6. The integrated circuit of claim 1 wherein the circuitry for detecting the recording of a message detects the completion of the playback of a message to disable the pulsing circuitry.

7. The integrated circuit of claim 1 further comprising circuitry for re-enabling the pulsing circuitry after playback of a message upon receipt of a user input directing such re-enabling.

8. The integrated circuit of claim 1 further comprised of a non-volatile memory for storing the status of the pulsing circuitry during periods of power depravation.

9. The integrated circuit of claim 1 wherein the audio record and playback circuitry is capable of recording multiple messages for subsequent playback.

10. The integrated circuit of claim 1 wherein the pulsing circuitry comprises circuitry for pulsing for approximately 20 milliseconds every one to two seconds.

11. The integrated circuit of claim 1 wherein the audio record and playback circuitry will store each sample in a respective single floating gate storage cell.

12. An audio record and playback integrated circuit for providing new message indication comprising, as a single integrated circuit:

audio record and playback circuitry for responsive to record and playback control signals for recording and playing back samples of an audio signal provided thereto, respectively;

pulsing circuitry;

circuitry coupled to the record control signal for detecting the recording of a message and initiating the pulsing circuitry;

the circuitry for detecting the recording of a message also being coupled to the playback control signal for detecting the playback of a message to disable the pulsing circuitry.

13. The integrated circuit of claim 12 wherein the pulsing circuitry includes circuitry for coupling to an external AGC capacitor for use of the capacitor for timing of the pulsing circuitry when the audio record and playback circuitry is neither recording nor playing back samples of an audio signal.

14. The integrated circuit of claim 12 wherein the pulsing circuitry includes at least one output pin for coupling to an external light emitting diode.

15. The integrated circuit of claim 12 wherein the audio record and playback circuitry has a speaker output for connecting to an external speaker, the pulsing circuitry being coupled to the audio record and playback circuitry for causing the repetitive playback of a signal through the speaker output.

16. The integrated circuit of claim 12 wherein the circuitry for detecting the recording of a message detects the beginning of playback of a message to disable the pulsing circuitry.

17. The integrated circuit of claim 12 wherein the circuitry for detecting the recording of a message detects the completion of the playback of a message to disable the pulsing circuitry.

18. The integrated circuit of claim 12 further comprising circuitry for re-enabling the pulsing circuitry after playback of a message upon receipt of a user input directing such re-enabling.

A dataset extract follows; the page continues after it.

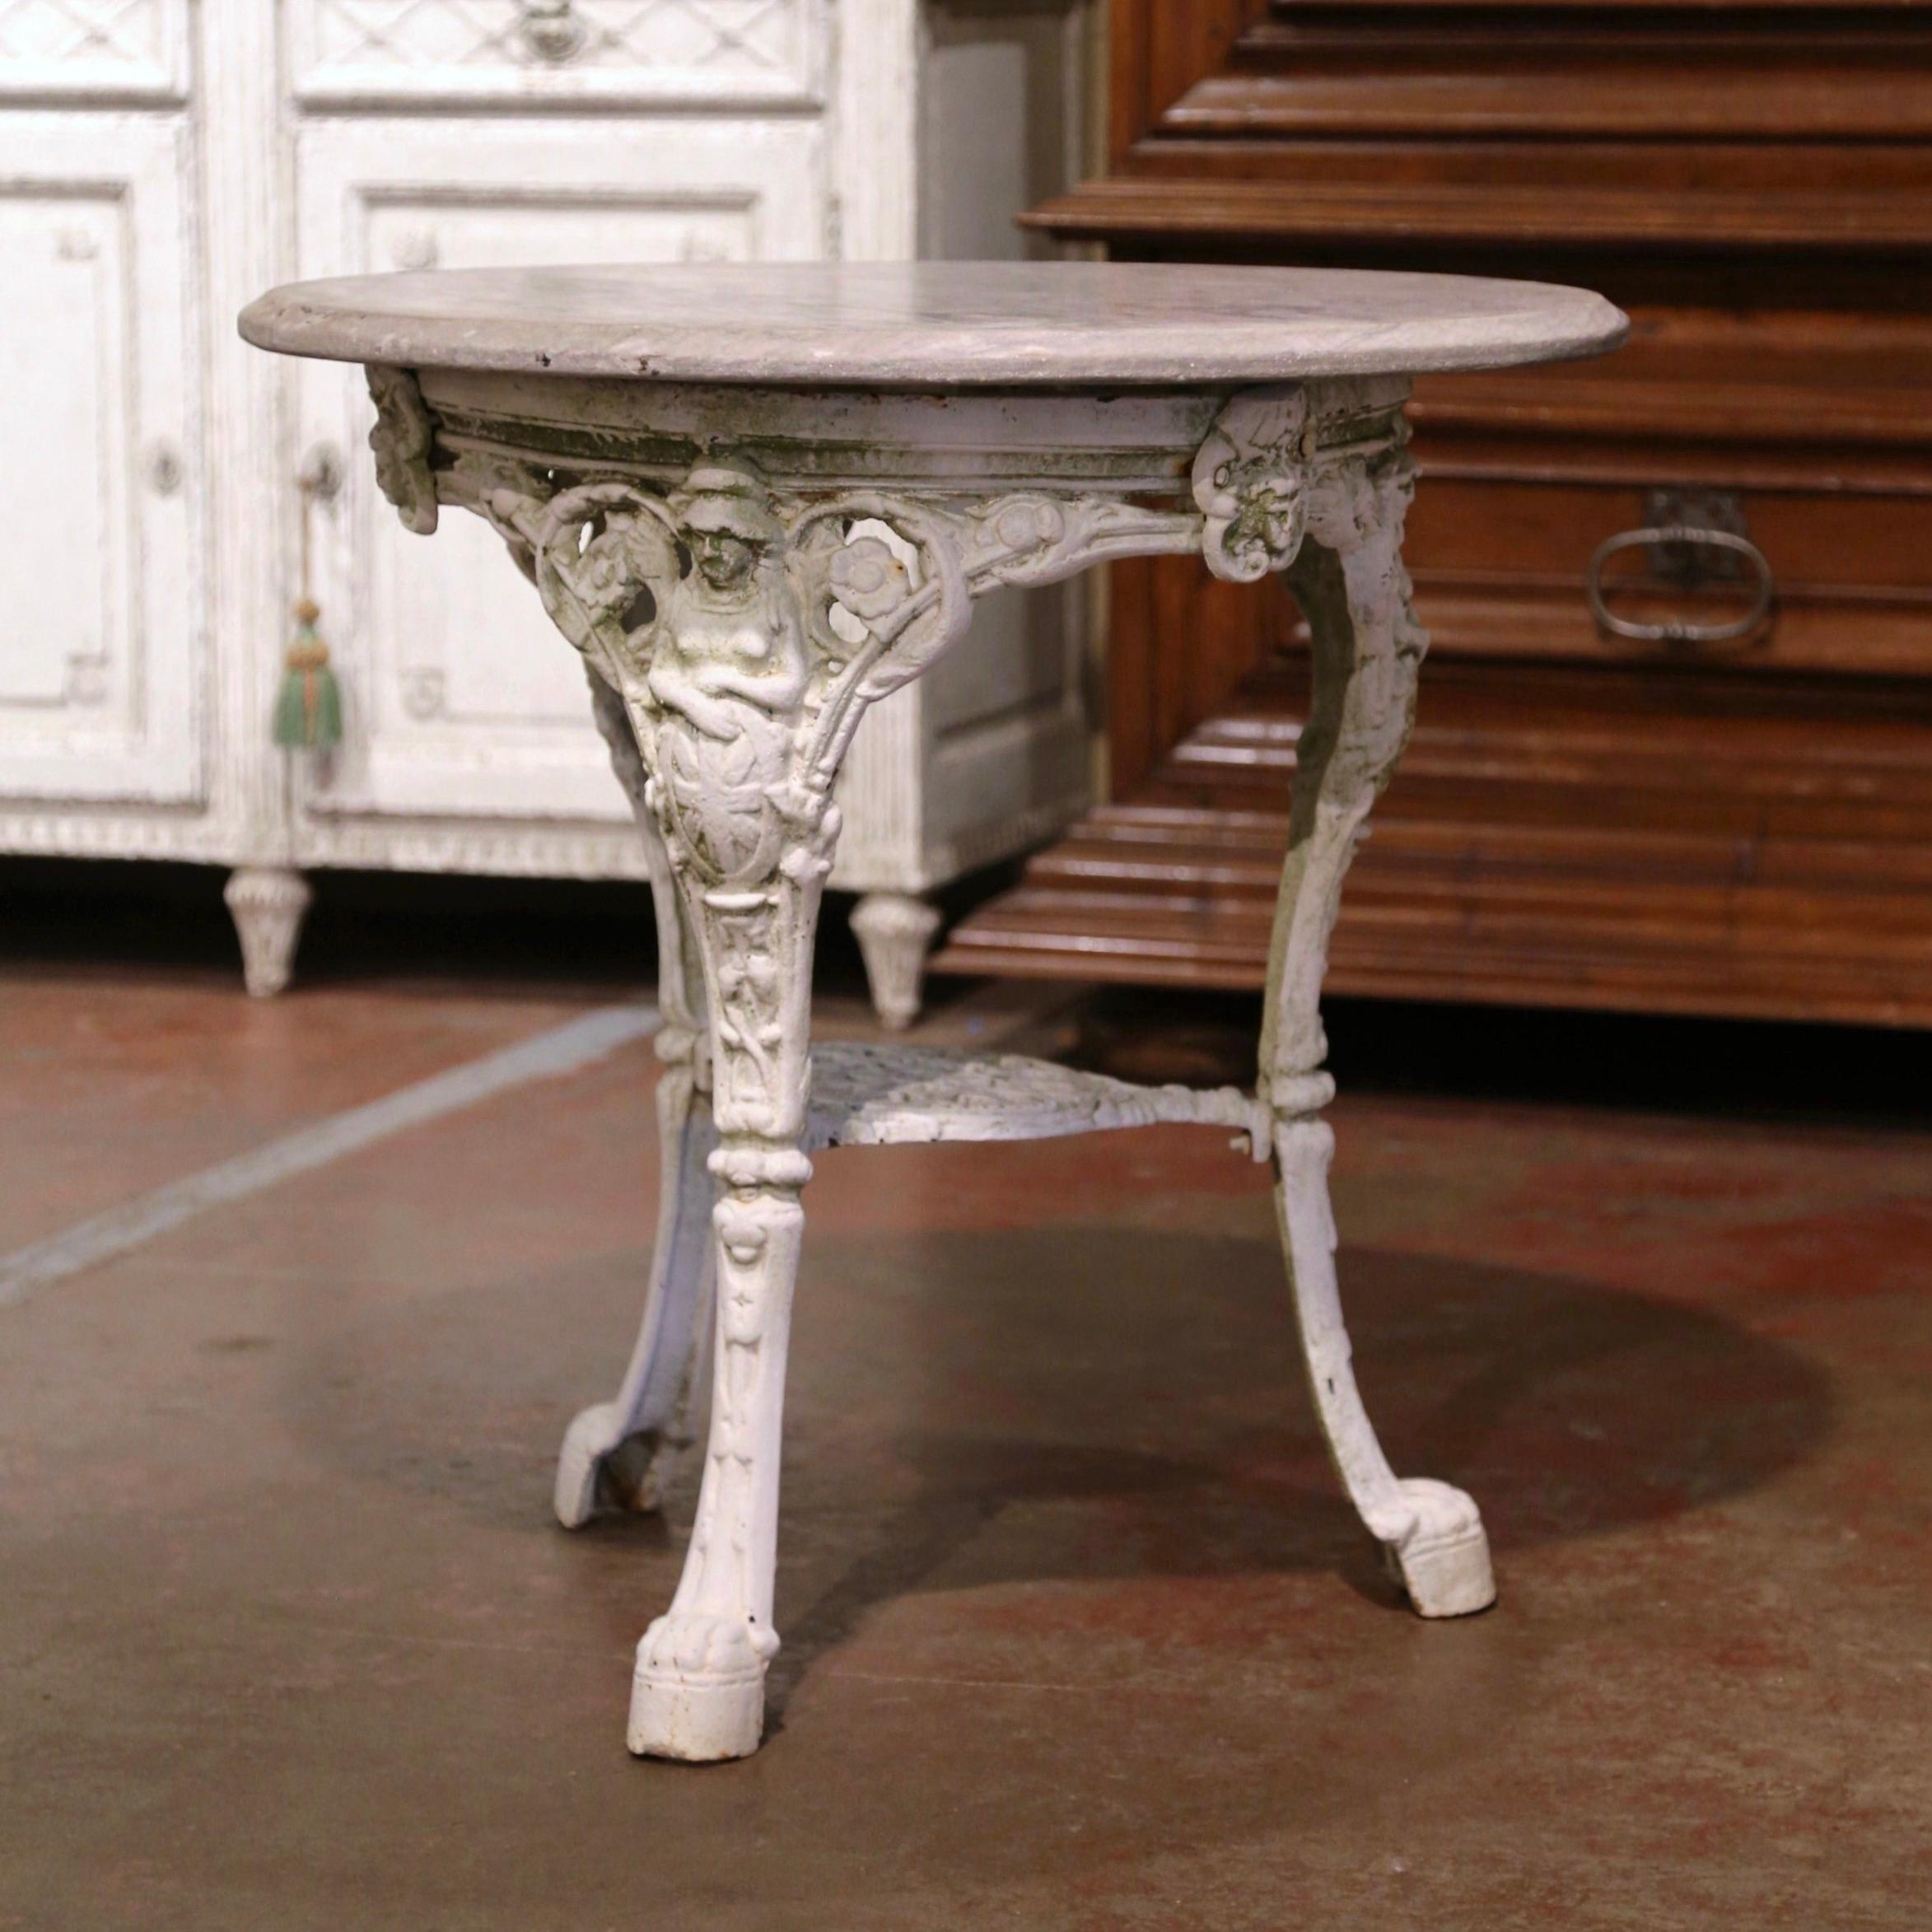 Decorate a patio, a pool area, or sun room with this elegant antique three-leg gueridon table. Crafted in England circa 1880, the pub table stands on three cabriole legs ending with paw feet decorated with female figures at the shoulder; the legs

19. The integrated circuit of claim 12 further comprised of a non-volatile memory for storing the status of the pulsing circuitry during periods of power depravation.

20. The integrated circuit of claim 12 wherein the audio record and playback circuitry is capable of recording multiple messages for subsequent playback.

21. The integrated circuit of claim 12 wherein the pulsing circuitry comprises circuitry for pulsing for approximately 20 milliseconds every one to two seconds.

22. The integrated circuit of claim 12 wherein the audio record and playback circuitry will store each sample in a respective single floating gate storage cell.